Chronic high blood glucose causes the accumulation of substances such as sorbitol in the nerves which will lead to metabolic dysfunction of the nerves. With early prevention, this can be reversed. 

In the event of prolonged bad glucose control, the nerves may damage due to abnormal blood vessels supplying the nerves. Nerves that are damaged by ischemia (inadequate blood suppy) are largely irreversible. 

It’s COVID-19 season now! What if you are diabetic?

Sadly, yes, individuals with obesity and diabetes are at higher risk to contract COVID-19. 

To make things worse, diabetics will suffer more severe complications too. 

Your COVID-19 clinical staging may advance if you have underlying issues such as diabetes.

So, what can you do?

First, schedule your next visit to see your physician and get some assessment including a sugar check. This needs to be done annually. 

Secondly, change your lifestyle. Move more, do more and try as much as you can to control your body weight to reduce your risk of diabetes. 

Finally, if you are concerned about COVID-19, speak to your doctor about COVID-19 vaccination. By right, you should be receiving your vaccination now as we are under Phase Two of the National Immunisation Programme. 

A change in lifestyle helps A slow progress is still a progress, remember that!

 Are there any treatments available?

Naturally, there are options! But the first thing the doctor will advise you is to change your lifestyle. You will need to cut your calories and carbs to reduce weight. You will need to exercise regularly to burn excess fat in the body. The visceral fat (the one surrounding your organs) is a bit tricky to shed, though.
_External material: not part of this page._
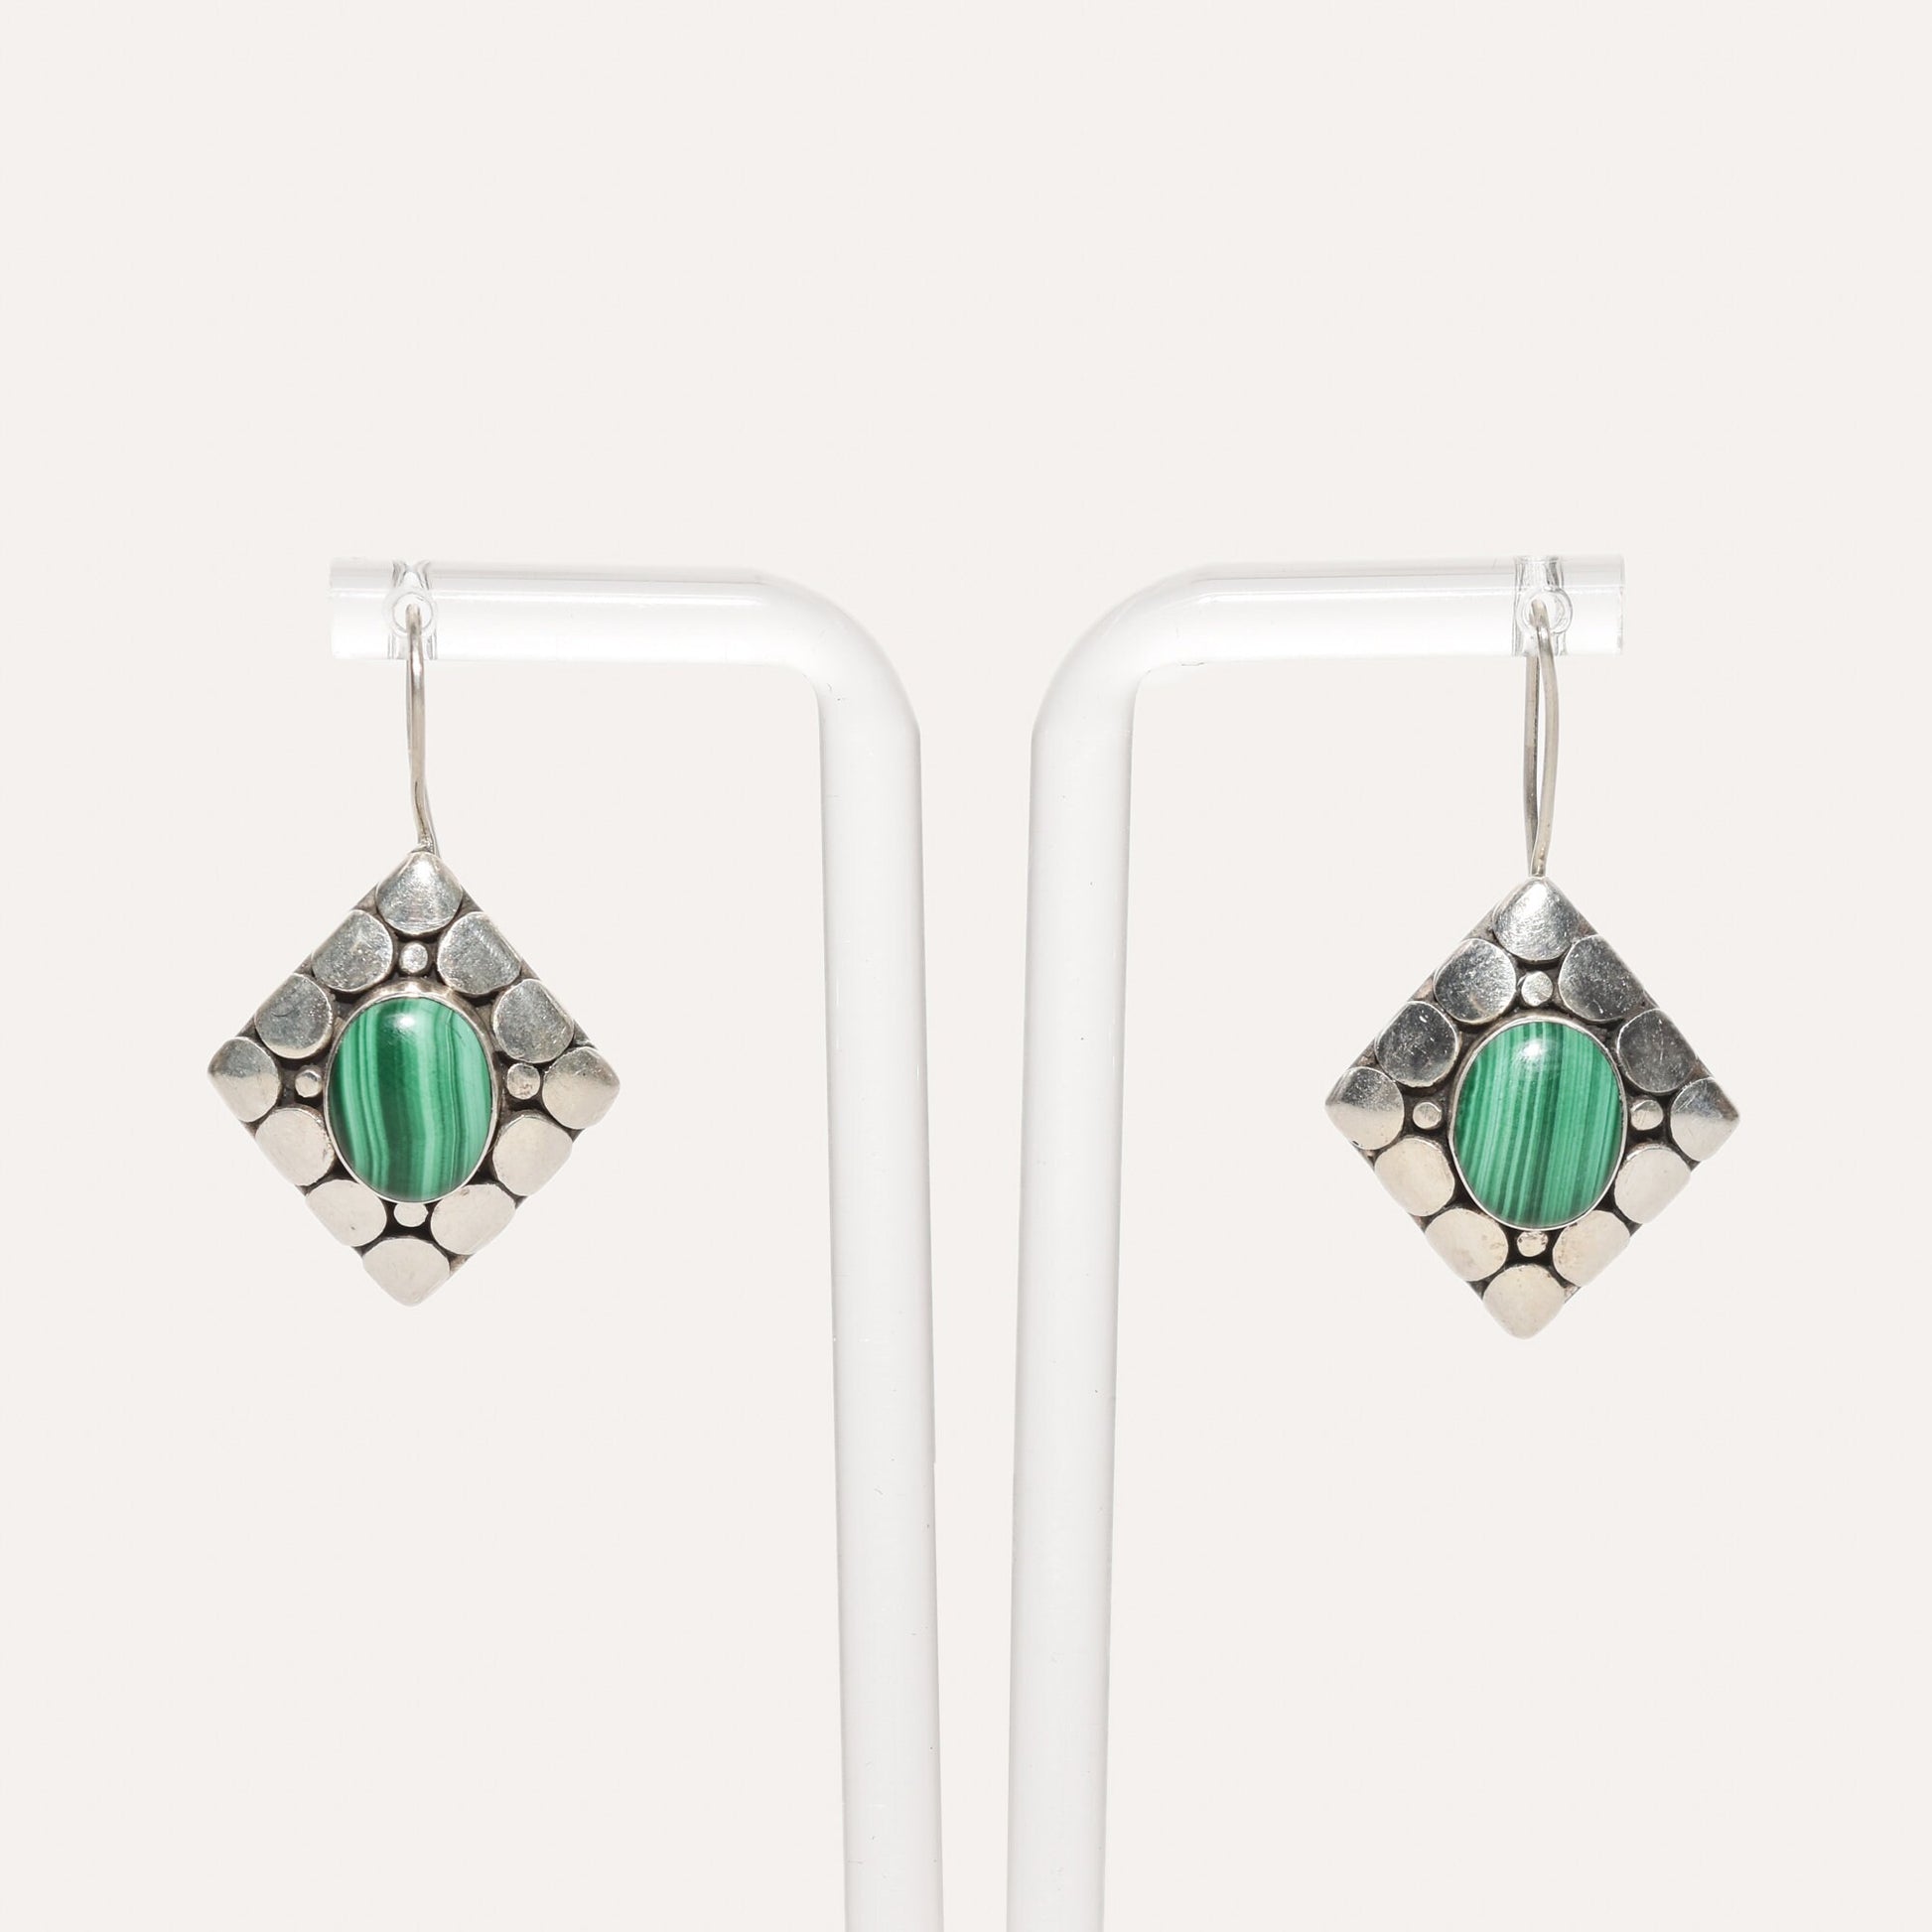 Modernist sterling silver malachite dangle earrings with cute gemstone design, 1.5 inch length, displayed against a white background.

This combination will improve your insulin resistance rate. 

In more chronic cases, your doctors will prescribe you some medicines. Remember, speak to a specialist on this. Different people require different sets of treatment. For example, if you have other underlying diseases such as heart disease or high blood pressure, you may need a different combination to suit your health needs. 

So, now you know, diabetes ain’t that sweet after all!